I woke up around 6:30 am and proceeded to eat breakfast and to establish some times to interview people for the day, in between observing CTD casts and popping into the dry lab. Soon after lunch I interviewed the Chief Medical Officer and got a tour of the on board hospital which is equipped to handle many kinds of emergencies. The chief medical officer is LTJG Mike Futch.  While on board he is in charge of handling any emergencies that may occur. Most common emergencies include sea sickness and if someone needs treated for that he can prescribe medication, administer shots, and treat dehydration that may occur from people regurgitating.  He likened sea sickness to the feeling you would get if you were stuck on an elevator going up and down continuously until you got sick. LTJG Futch is authorized to do any lifesaving technique, but he is also in charge of handling medical questionnaires for members of the ship, weekly sanitation and safety checks, and handling inventory in the medical lab. Proximity to a port determines if a ship is assigned a medical officer (if more than 2 days from a port, then a med. officer is assigned), otherwise other members of the ship are trained for medical emergencies as well.

Working in the lab
Working in the lab

LTJG Futch recommends anyone who would like a job like his to major in chemistry or biology in college, attend physician’s assistant school, and specialize in emergency programs.  He is an employee of the United States Public Health Service (the Surgeon General is the leader of this group) which deploys medical personnel to all federal agencies including NOAA, Coast Guard, prison system, Indian affairs, to just name a few. He will spend roughly 200 days at sea this year and he comments that the best part of his job is getting see parts of the world that many others don’t see, the pay is good, and you get to function almost like your own boss because there is usually only one or two at most medical officers assigned to a ship.

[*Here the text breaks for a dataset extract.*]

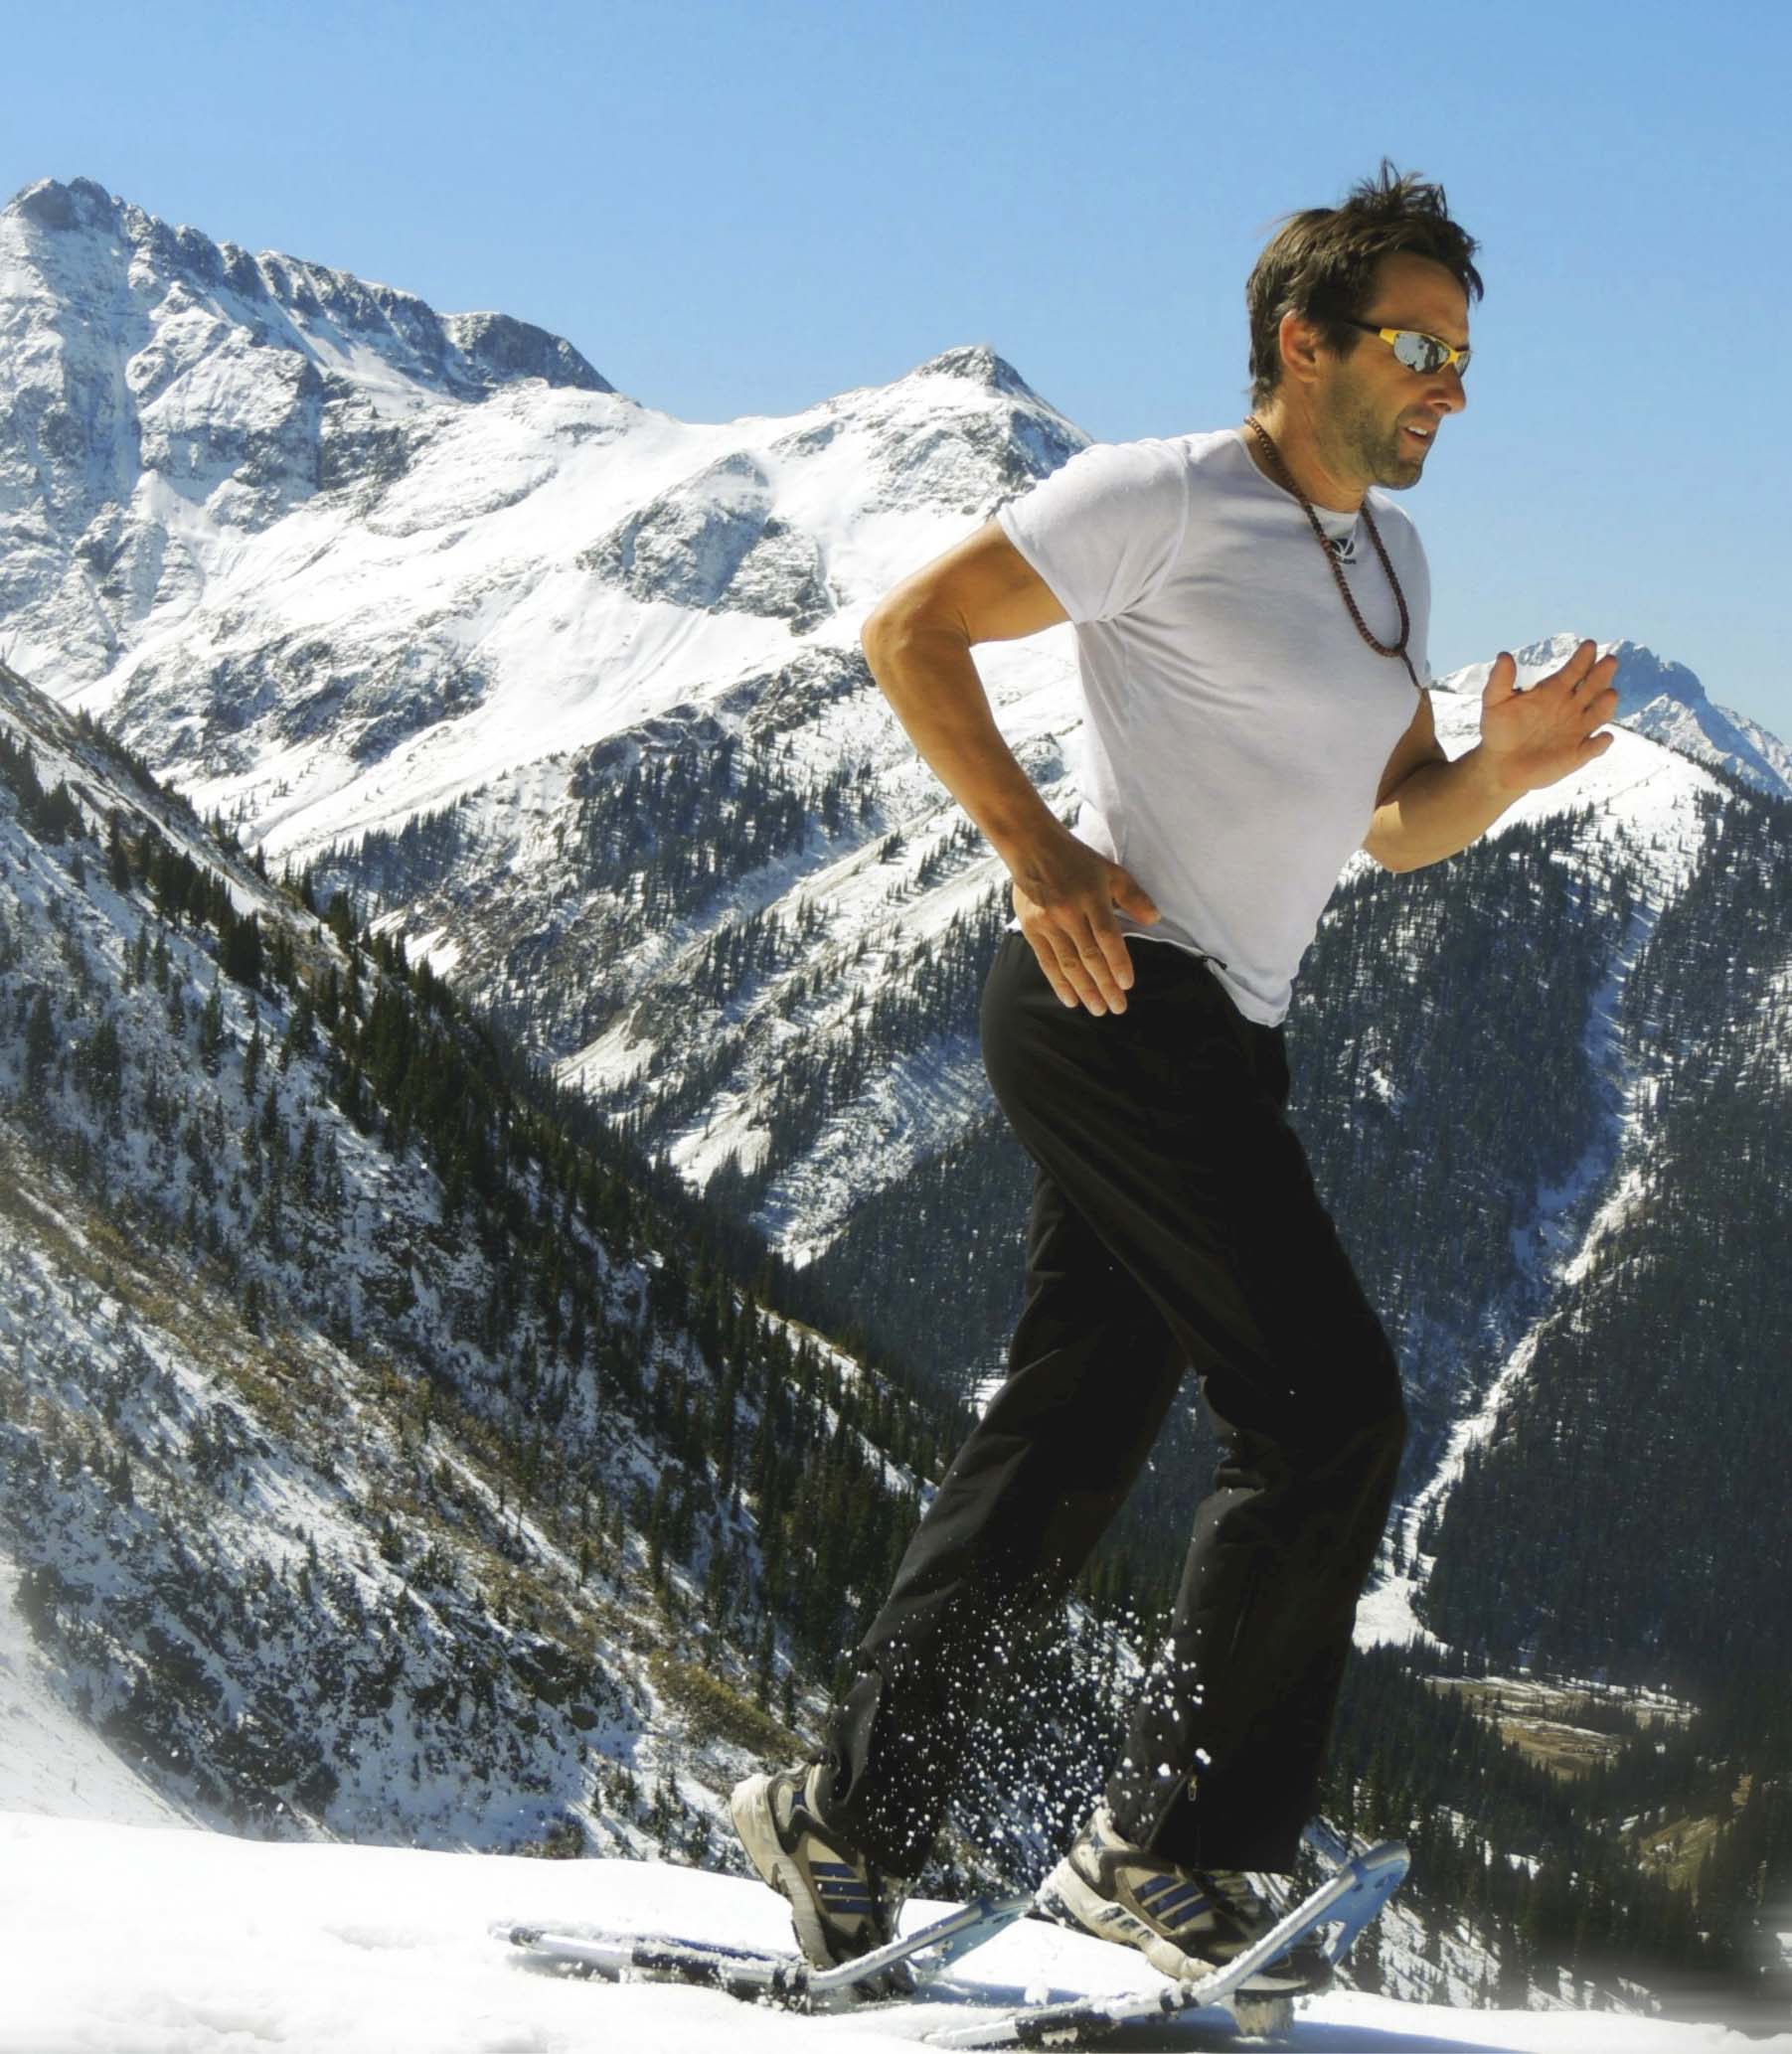 Steve Ilg snowshoe training at altitude

I then proceeded to the science lab to get a first hand look at the computer system where data is filtered into from the onboard sonar systems.  The senior surveyor and another surveyor spoke to me about the details aforementioned.  I next interviewed Joyce Miller, Senior Survey Scientist, about her background and duties.  Her job is to plan surveys, train new surveyors, and process data.  She is at sea for 60-150 days a year depending on the projects she is working on. She comments that her most important piece of equipment is the computer and that any students who might be interested in this type of career should study oceanography (physics, biology, chemistry, geology) and heavily concentrate in computers.  She feels a surveyor should be flexible, because things often don’t go according to plan, and that this job offers a lot of challenges and movement.

Eventually I attended the launch of another CTD cast and ate lunch. The ship hasn’t stopped, except for the occasional CTD cast for 30-40 minutes, because our late start has put us behind and there are 2 contractors aboard who need to be dropped off by a certain date at one of the islands to catch a plane. The afternoon was spent writing logs and lesson plans.  Finally, I will go up on the bridge to interview the Operations officer and other officers employed by NOAA so I can give my fourth grade students a sense of the various jobs and people needed aboard a research ship to make it run smoothly. I am happy to report I don’t seem to be sea sick at all, which makes me very happy, because many of the people on board are still trying to get their “sea legs!” To this point the seas have not been very rough though!

QUESTION OF THE DAY for my fourth grade students:  The scientists on board are compiling data to create benthic habitat maps.  What does the word benthic mean? What could maps like these be used for in the future?